Opinion: US-type presidential debates aren't us

If there was one thing that the George Bush campaign team could change it would be having to take part in the presidential debates.

Indeed, no incumbent president, least of all Bush, would want to face his opponent on an equal footing. For this president the debates, so far, have been a disaster. In the first one, it was patently obvious that this was the first time since being elected leader that he has had to face any direct attack or fierce questioning at all. The US presidential press corp is a complete joke and he never faces any opposition like our Prime Minister does in the House of Commons. And boy did his discomfort show.

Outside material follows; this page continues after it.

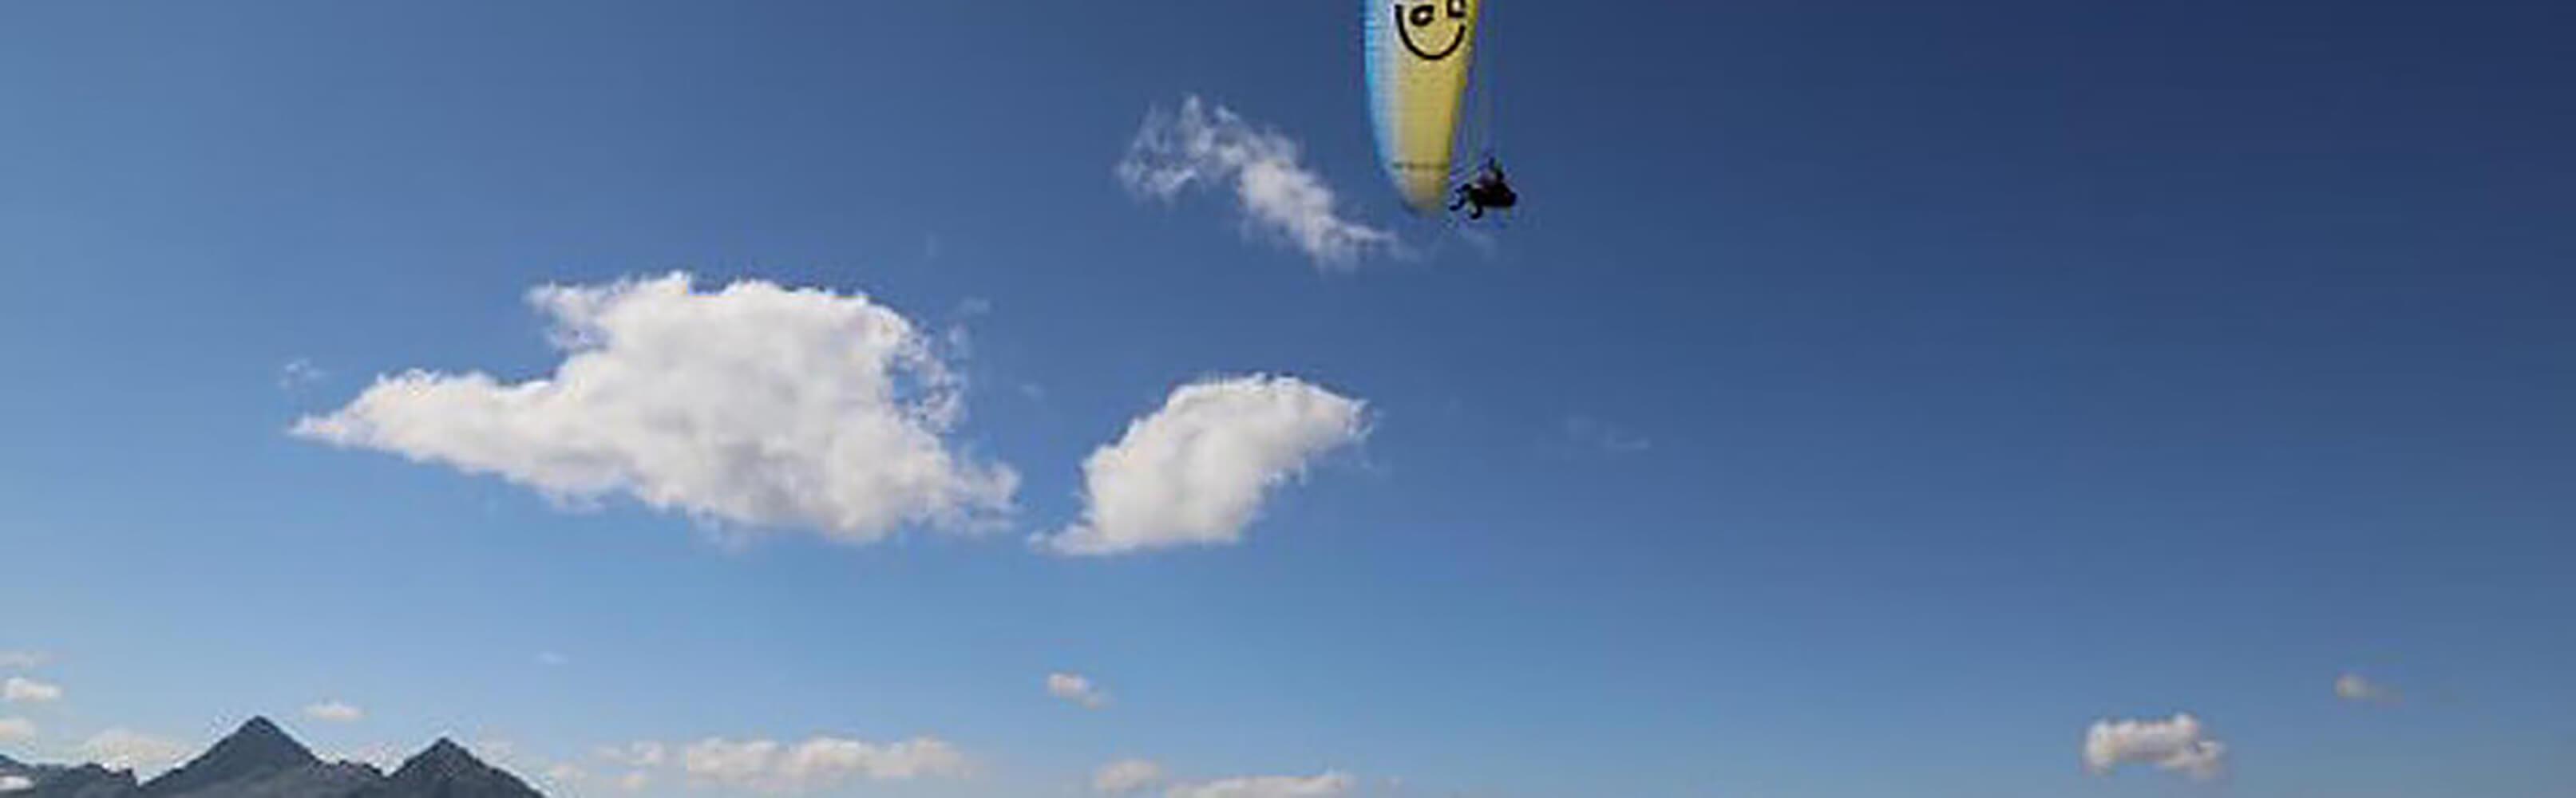 Air-Davos Paragliding 1
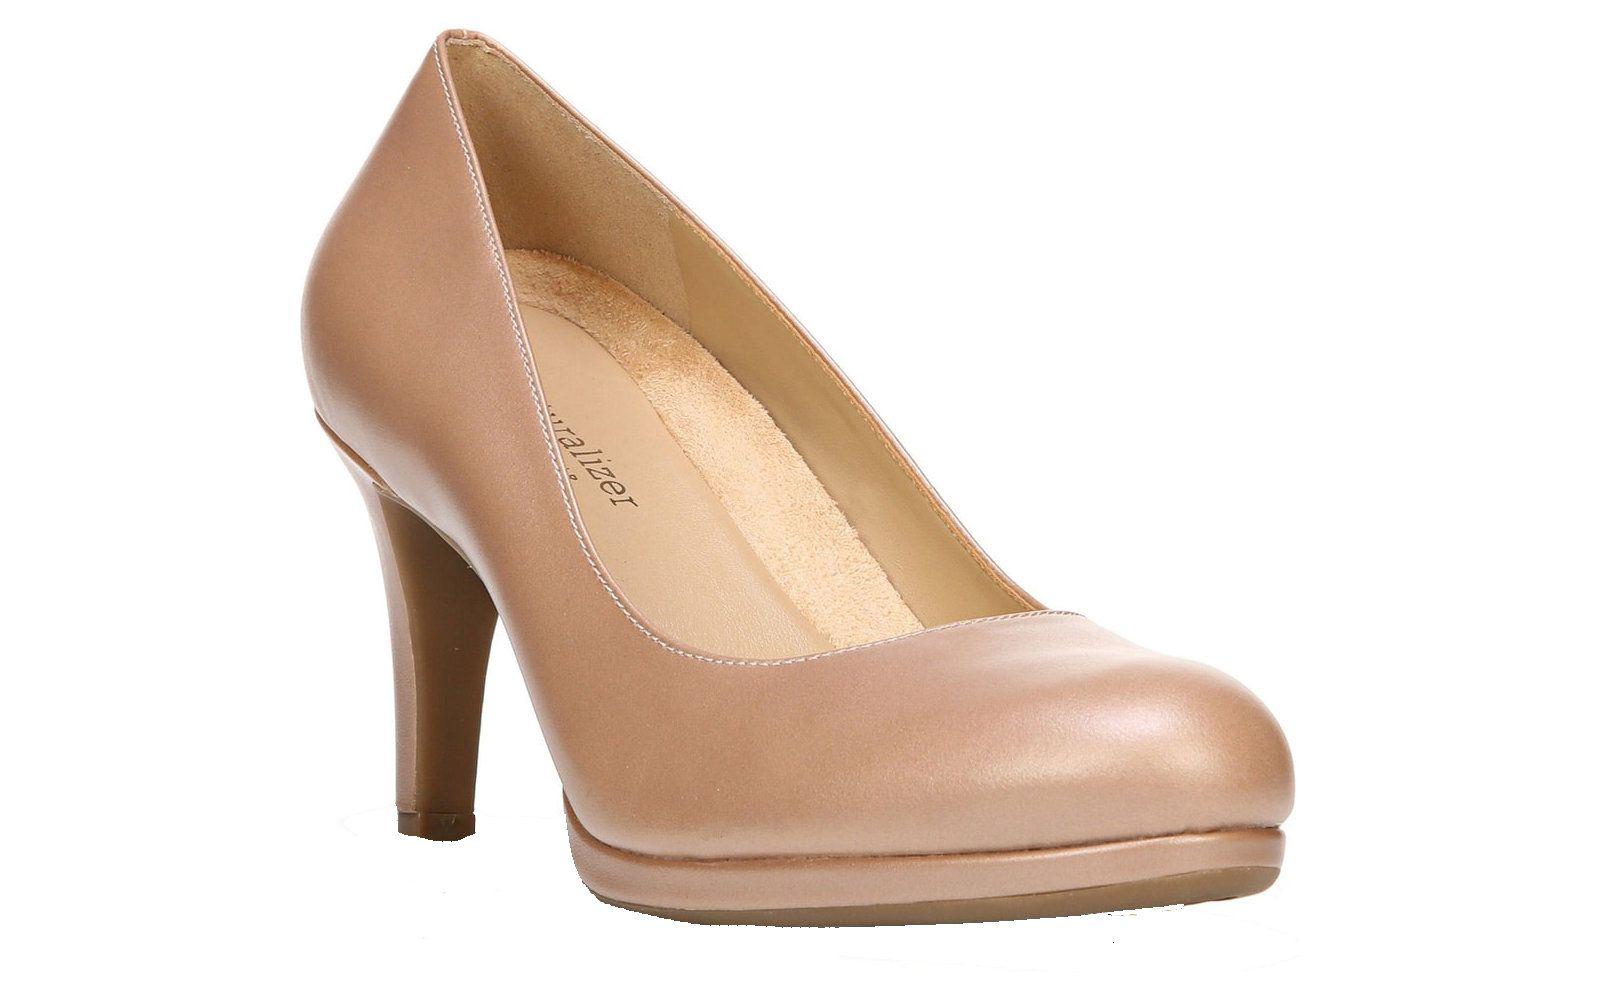 13 Most Comfortable Heels For 2020 According To Customers Comfortable Heels Most Comfortable High Heels Heels

I've never seen such an open display of scowling. Unfortunately, millions of viewers could see it too. And just in case anyone missed it, within hours of the debate finishing, the Democrats produced a whole video of Bush reactions to being told a few home truths. By the second debate, Bush had learnt his lesson and pretended to listen to his opponent, but now he is being accused of having a listening device stuffed up the back of his shirt.

So why couldn't Bush get out of the debates? The simple fact is that it has become an established part of the campaign and to back out would cost even more votes than an inept performance.

So why can't we have similar debates in Britain? In recent history, the reason has been simple. Tony Blair has bottled it. The great communicator has simply not wanted to risk being torn apart by his opponents, and to be fair, why should he? Popular myth has it that no PM would risk taking part in such an event, but John Major did. When he was miles behind in the polls in 1997 he agreed to a debate and the Labour PR machine spent months trying to wreck the idea. Derry Irvine and others were sent to meetings with the BBC bigwigs with the specific instructions to extend discussion but to ensure no debate took place. It was not difficult to sabotage because, in a multi-party democracy, how do you fit in the minor parties?

Live debates are avoided by sensible politicians at all cost. Just look at how quickly Patricia Hewitt caved in and had to say sorry on Question Time last week. I witnessed Kenneth Clarke being savaged on Tory tax rises in a Granada 500 debate with Gordon Brown in 1997 and thanked God that the audience didn't know what plans we had.

The only way that a debate will happen now is if the two major parties are very close in the polls and both leaders and their PR teams think it's worth taking the risk. But if it is so close no one will want to take that risk.